Los US$ 8.000 millones que el Gobierno transfirió al campo rindieron un 25% en un año

Según el último reporte del Centro de Estudios de la Nueva Economía de la UB, la transferencia al sector agropecuario de unos 8.000 millones de dólares -como producto de la quita y disminución de retenciones-, junto con la liberación del cepo cambiario, dio como resultado que el sector incrementó su producción en lo que se estima unos 2.000 millones de dólares.

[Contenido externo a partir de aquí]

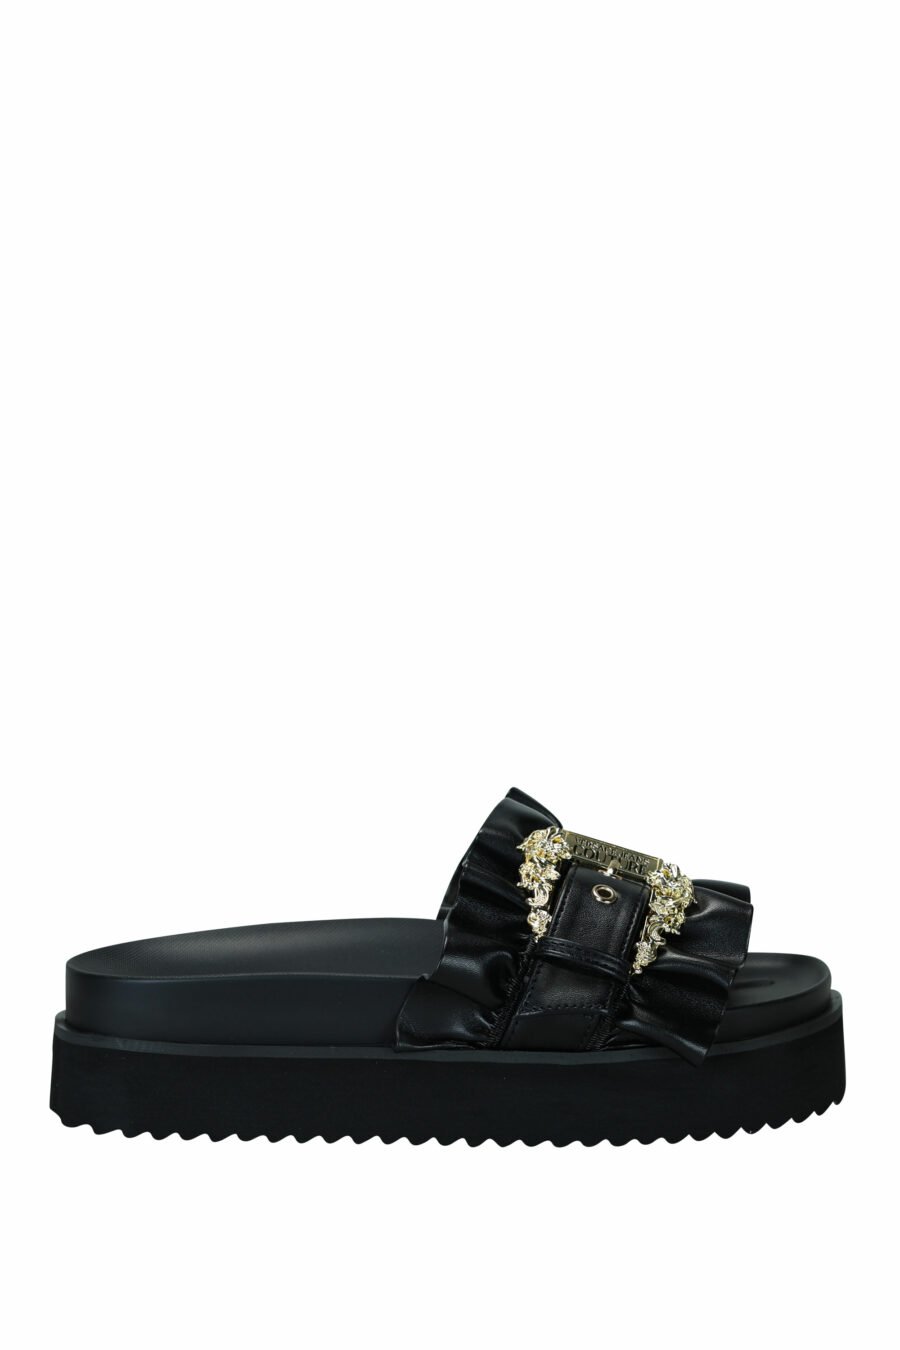 Sandalias negras con plataforma y hebilla barroca dorada - 8052019607192

Es decir que, si se considera a aquella transferencia como una inversión, tuvo un rendimiento de un 25% en un año.

Ese resultado es consecuencia de una cosecha de granos que puede llegar a alcanzar unas 120 millones de toneladas aproximadamente -un 4,3% sobre el ciclo anterior-, con un avance del maíz (37 millones de toneladas, 23% más que en 2015/16) y del trigo (15 millones de toneladas, un 36% por encima del ciclo anterior). En cambio, la soja aportaría 53 millones de toneladas, un 5,4% por debajo del período previo.

La política de precios, implementada a partir de diciembre de 2016, daría así sus frutos: por un lado, incrementando el total de la producción agrícola y, por el otro, alentando una mayor producción de trigo y maíz, en detrimento de la soja, iniciando así un proceso de “desojización”, tras más de una década, en la cual se había convertido en el cultivo de mayor rentabilidad.